Raw Material
Crap Hound

Sean Tejaratchi,
Crap Hound

Age: 27

Recent review (from Heinous): "Gorgeous and disturbing." (From Shark Fear, Shark Awareness): "My friend Dagwood Reeves once mentioned someone who 'put things in a little box that don't belong in the little box.' Sean works with several little boxes at a time and not only puts things in them that don't belong there, but he then puts these boxes side by side which are more comfortably left far apart."

Selection: "Some Things I've Discovered About Clowns" (page 61)

Sample: $5 from P.O. Box 40373, Portland, OR 97240 (checks: Sean Tejaratchi)

When did you launch your zine? What inspired you to do so?
It was launched in October 1994. I was inspired by friends around me who did zines and by the idea that I didn't have to wait for other people to make what I wanted to see. I was inspired by the DIY ethic.

Why publish a zine?
It's very, very satisfying. It allows me to work hard and gives me something I can take pride in, as far as workmanship and constructive effort. It has put me in contact with people around the world who share similar interests and ideas. I publish because I was tired of waiting for other people to publish things for me, and because of a general disgust at the way things work in the "real" world.

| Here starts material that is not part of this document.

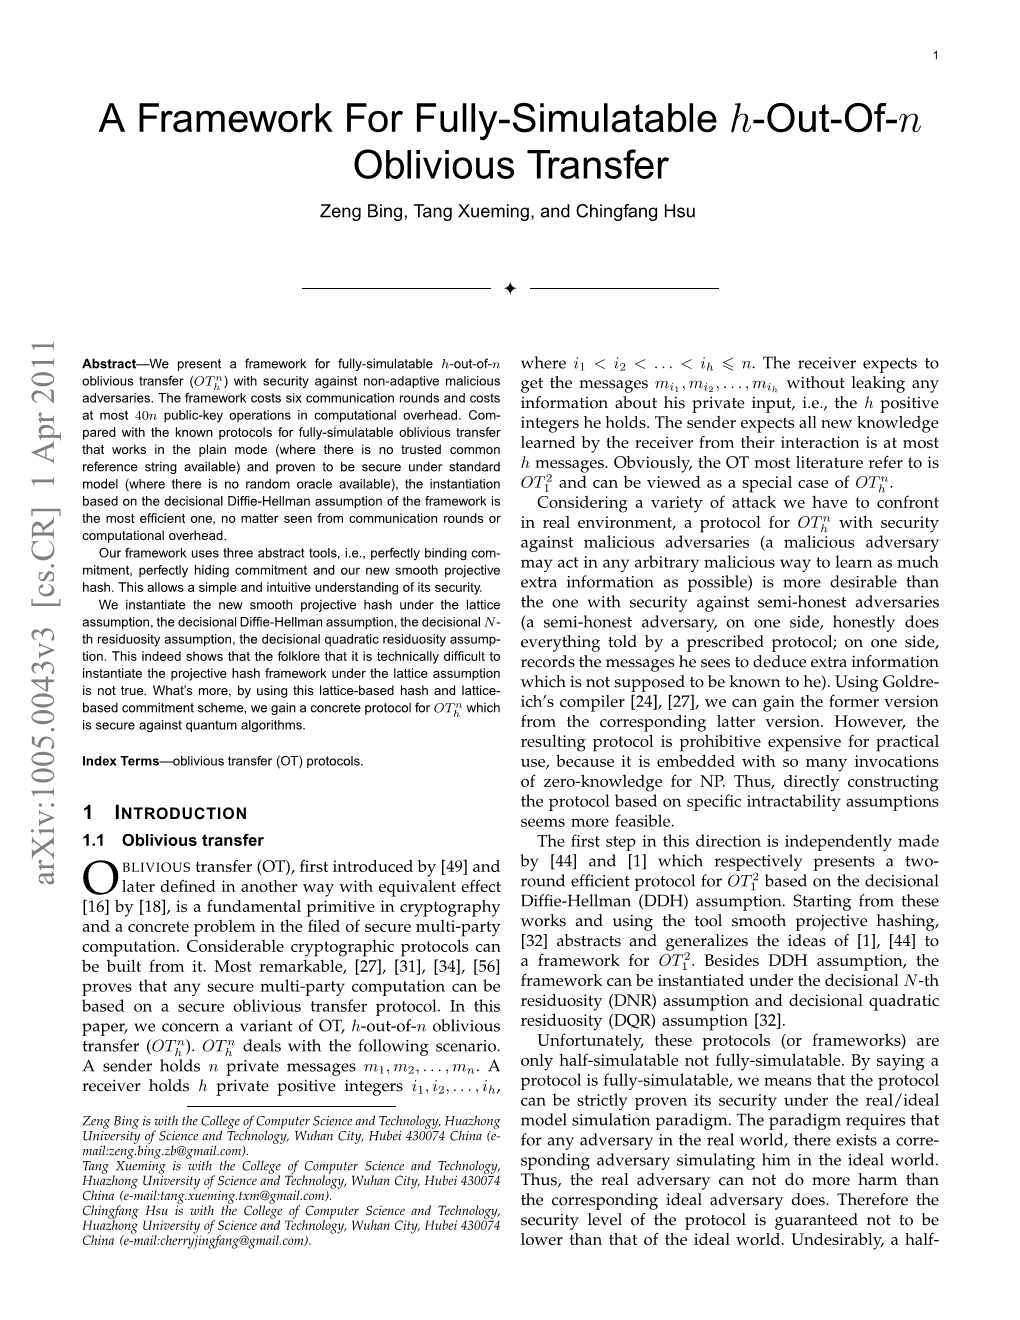 A Framework for Fully-Simulatable H-Out-Of-N Oblivious Transfer

What should be known about the selection I'm providing for "The Book of Zines"?
They make me laugh. The pictures came from many different sources. Many were contributed by friends around the country, and a few came from scrapbooks I've been keeping since high school.

Do you do any other zines?
"KOOL Man: The Amazing Story of Robert DuPree: The King of Oral Love." It's an expose and a sort of psychological profile of an utter wretch. A nightmarish journey to the center of a turd.

Any general tips for aspiring zinesters?
Rethink things! The model you follow in your head is more often than not based on irrelevant patterns set by large, professional publishers with millions of dollars and no conscience. You are obligated to no one when you start a zine. Think about each step yourself, from the physical size, to the focus, to the printing and distribution. Think about priorities: which is more important to you, money or satisfaction? Are you doing it for fun? Then make choices accordingly. Don't try to make everyone love you and your zine.

What's your favorite part of doing a zine?
Holding the issues in my hand and feeling like I have actually accomplished something that I set out to accomplish. I also love fine-tuning things in the late stages, and working all night alone at the light table with the music playing behind me.

In my other life, I'm an:
Elfen wizard, and a fourth-level bandit, and a fifth-level demigod, and...oh, I forget. Where are my 20-sided dice?